Let the coordinates of A and B be (x 1, y 1) and (x2, y2) respectively.

allow

therefore

And because the height h of the AB side is equal to the distance from the origin to the straight line L,

therefore

(Ⅱ) Let the equation of the straight line where AB is located be y = x+m. 。

allow

Because a and b are on the ellipse,

therefore

Let the coordinates of A and B be (x 1, y 1) and (x2, y2) respectively.

rule

therefore

And because the length of BC is equal to the distance from the point (0, m) to the straight line L, that is

therefore

So when m=- 1, the AC side is the longest.
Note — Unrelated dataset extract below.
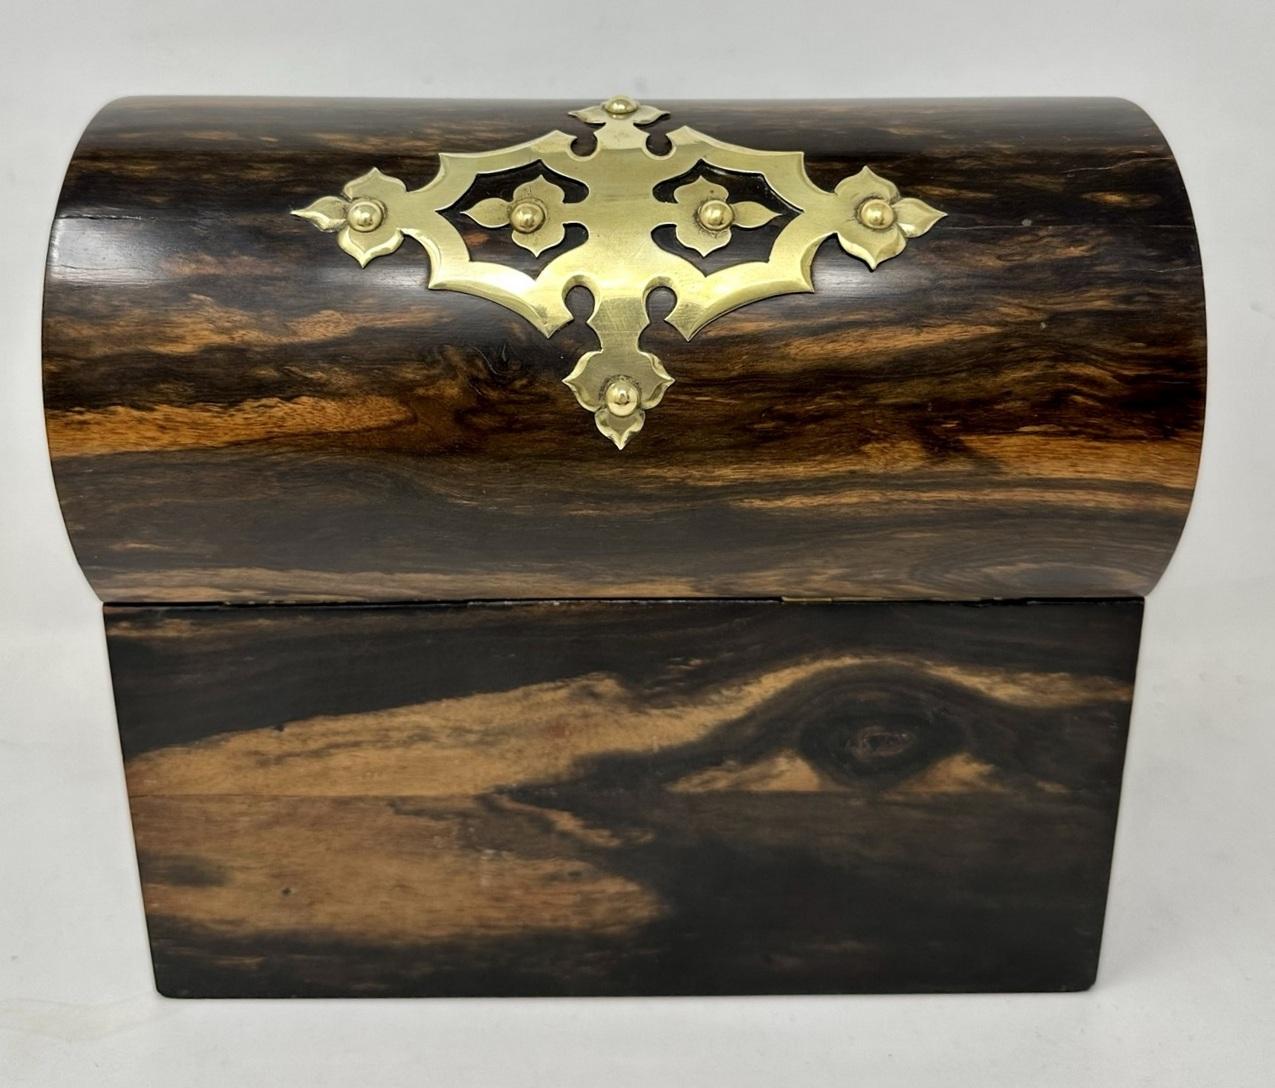 Antique English Coromandel Brass Mounted Wooden Double Tea Caddy 19th Century In Good Condition For Sale In Dublin, Ireland
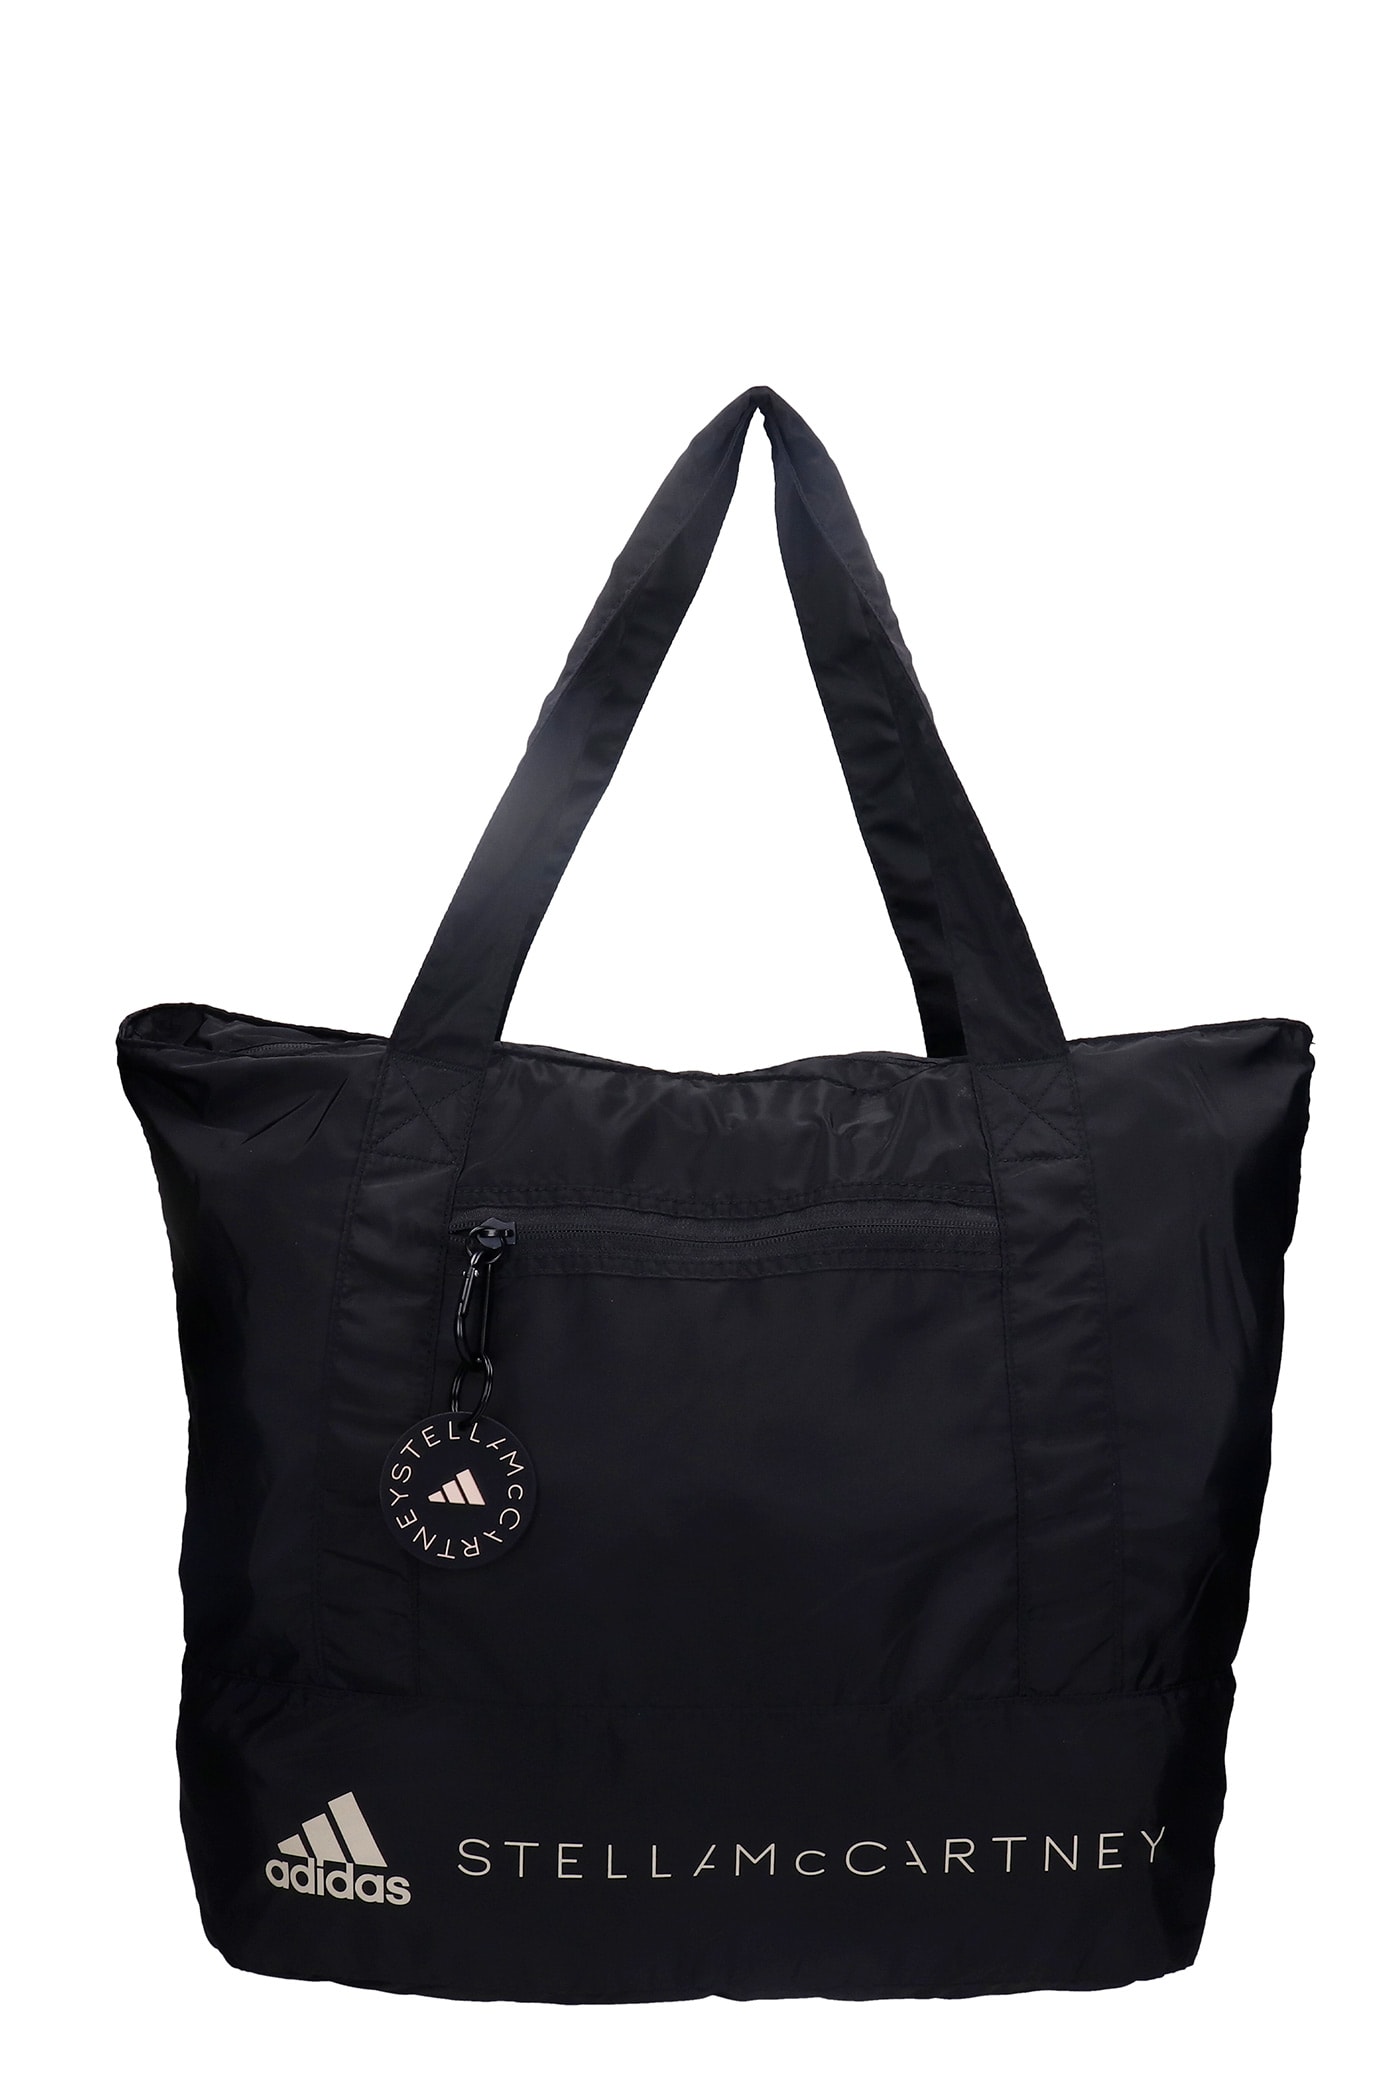 ADIDAS BY STELLA MCCARTNEY TOTE IN BLACK SYNTHETIC FIBERS,GL5449

At this time, the equation of the straight line where AB is located is y=x- 1.

(20)(* * 13)

Solution: (i) Because a 1= 1,

Therefore, when a2=- 1, we get,

therefore

therefore

(ii) The sequence {an} cannot be arithmetic progression. The evidence is as follows:

From a 1= 1, we get

If it exists, let {{an}} be arithmetic progression, then a3-a2=a2-a 1, that is.

The solution is =3.

therefore

This contradicts that {an} is arithmetic progression, so {an} can't be arithmetic progression for anyone.

(iii) According to the meaning of the question, b 1 2 and N*), there is always N* at this time, and BN > 0; when n≥n0 is satisfied; When n≤n0- 1, BN < 0.

So it can be seen from an+ 1=bnan and a 1 = 1 > 0 that if n0 is even, then when n > n0.

When an < 0; If n0 is odd, then when n > n0, an > 0.

So "there are m N*, when n > m, there is always a < 0" if and only if no is even,

Remember no = 2k (k = 1, 2, ...), and that's enough.

Therefore, the range of values is 4k2+2k(k N*).